The UK economy looks like it’s heading into freefall. Society may soon follow.
October could bring our Autumn of Discontent.
By then, the Treasury’s furlough scheme – which is currently supporting nearly a quarter of the UK’s workforce – will be ending. To make matters worse, we could see a second wave of Covid-19.
The state is currently paying up to 80% of furloughed staff salaries, up to £2,500. From August, the government will start reducing furlough contributions: employers will have to pay pensions and national insurance contributions, followed by 10% of pay in September, and 20% in October.
As the furlough scheme is wound down, some reports suggest around a quarter of a million firms could be forced to lay off staff.
The current economic crisis is bigger than the crisis of 2008. Left to market forces alone, it may cause untold economic damage, the collapse of businesses, social unrest and misery for millions.
Something has to be done and we can’t simply slash spending to fix things!
The Solution: Reverse Furlough Scheme
Ending the original furlough scheme could lead to a tsunami of redundancies.
We must think long-term. Money raised and spent now should ensure growth and prosperity tomorrow.
If millions lose their jobs, we all end up paying.
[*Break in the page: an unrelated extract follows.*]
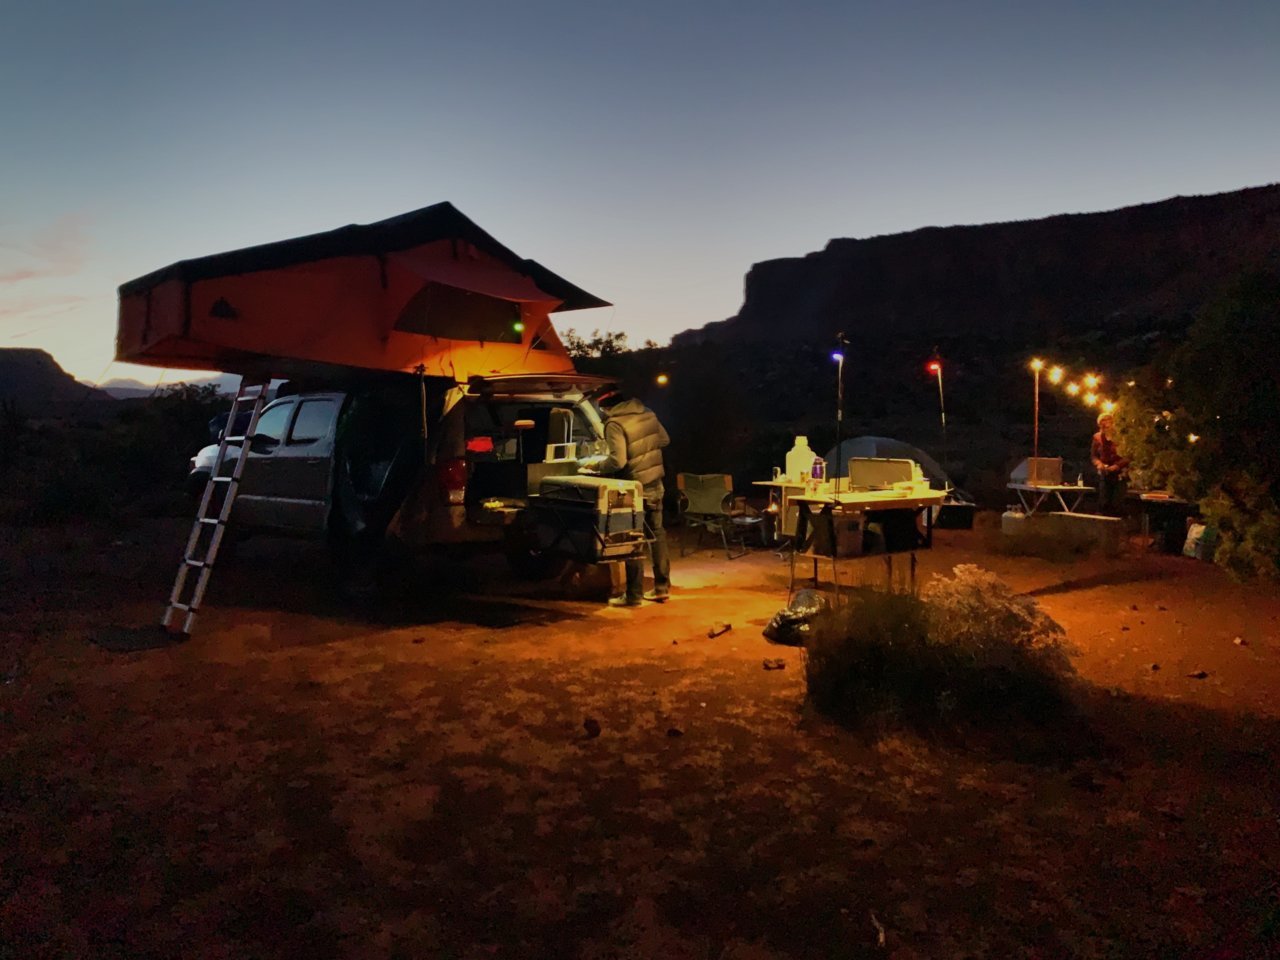 camp setup canyonlands.jpg

The welfare bill rockets without any positive impact on the economy.
Smaller companies and poorer people will be hit the hardest – exactly those the country needs to protect the most.
One way to avoid the dire prospect of a tsunami of redundancies could be a one-year Reverse Furlough Scheme (RFS).
Such a scheme would:
- Provide financial incentives to firms which continue to employ their furloughed staff.
- Issue financial penalties to firms which make previously furloughed staff redundant.
The cost of the RFS should only be a fraction of the original furlough scheme. For example, government funding of 20% of the cost of each returning employee should help ensure most employees keep their jobs.
Money spent wisely now should be paid back through businesses staying afloat, businesses and their workforce paying taxes, better economic growth and fewer people being forced to sign on.
If the UK initiated RFS it could at least keep people in work, keep businesses going and get back on the path to a full economic recovery.
If the UK didn’t initiate RFS then we may see millions more out of work just in time for Christmas – their spending power gone – and putting even more jobs at risk.